Virotherapy is a treatment using biotechnology to convert viruses into therapeutic agents by reprogramming viruses to treat diseases. There are three main branches of virotherapy: anti-cancer oncolytic viruses, viral vectors for gene therapy and viral immunotherapy. In a slightly different context, virotherapy can also refer more broadly to the use of viruses to treat certain medical conditions by killing pathogens.

Oncolytic virotherapy is not a new idea – as early as the mid 1950s doctors were noticing that cancer patients who suffered a non-related viral infection, or who had been vaccinated recently, showed signs of improvement; this has been largely attributed to the production of interferon and tumour necrosis factors in response to viral infection, but oncolytic viruses are being designed that selectively target and lyse only cancerous cells.

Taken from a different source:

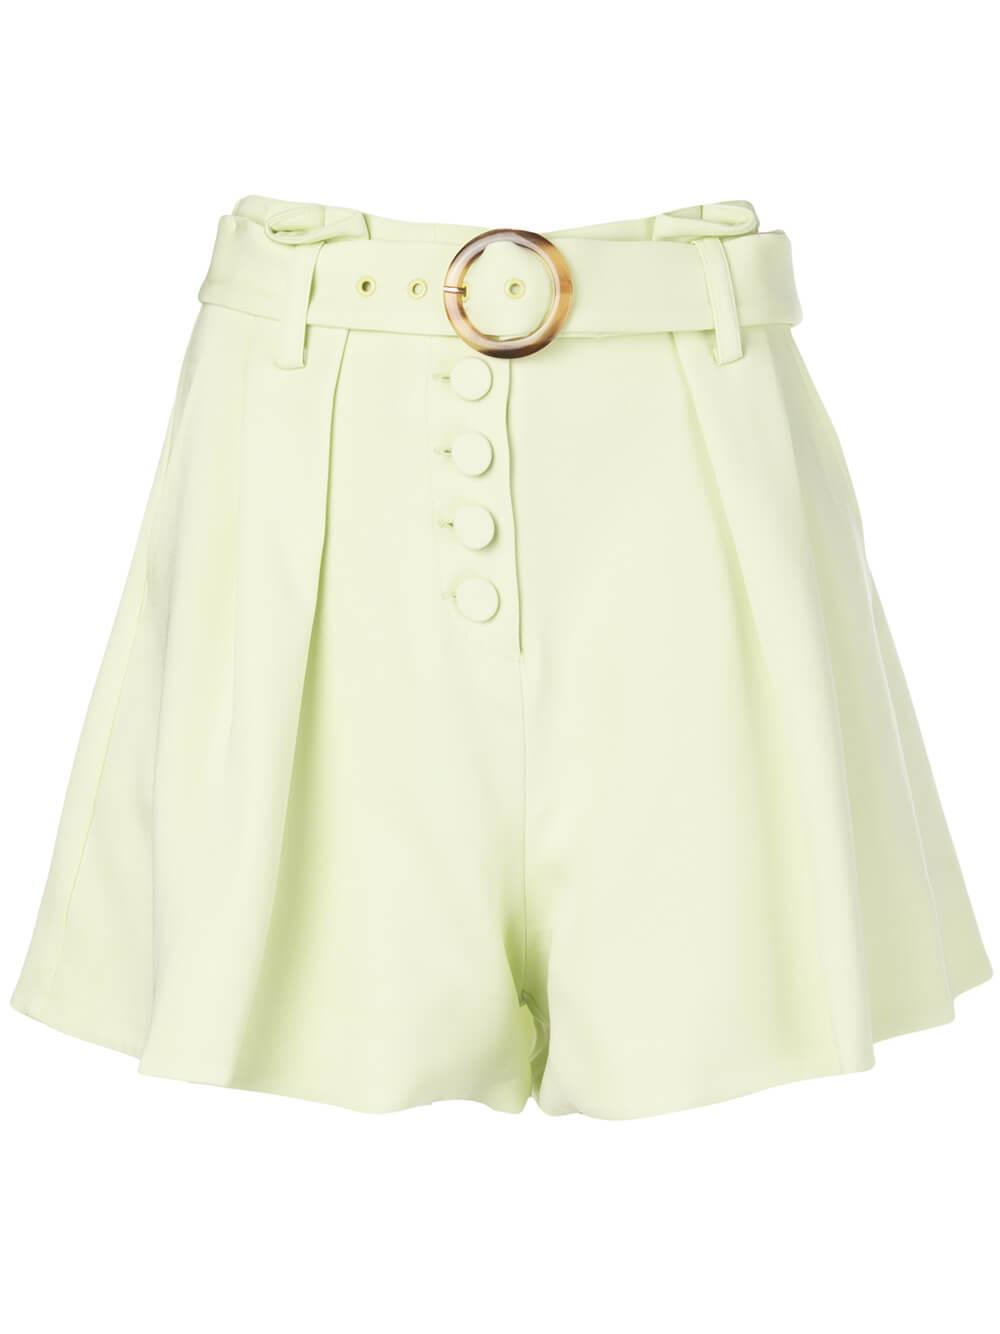 Lena Belted Crepe Short

In the 1940s and 1950s, studies were conducted in animal models to evaluate the use of viruses in the treatment of tumours. In the 1940s-50s some of the earliest human clinical trials with oncolytic viruses were started. However, for several years research in this field was delayed due to the inadequate technology available. Research has now started to proceed more quickly in finding ways to use viruses therapeutically.

As well as the direct anti-cancer effect, oncolytic viruses are also capable of inducing an anti-tumour immune response.

Viral gene therapy most frequently uses non-replicating viruses to deliver therapeutic genes to cells with genetic malfunctions. Early efforts while technically successful, faced considerable delays due to safety issues as the uncontrolled delivery of a gene into a host genome has the potential to disrupt tumour suppressing genes and induce cancer, and did so in two cases. Immune responses to viral therapies also pose a barrier to successful treatment, for this reason eye therapy for genetic blindness is attractive as the eye is an immune privileged site, preventing an immune response.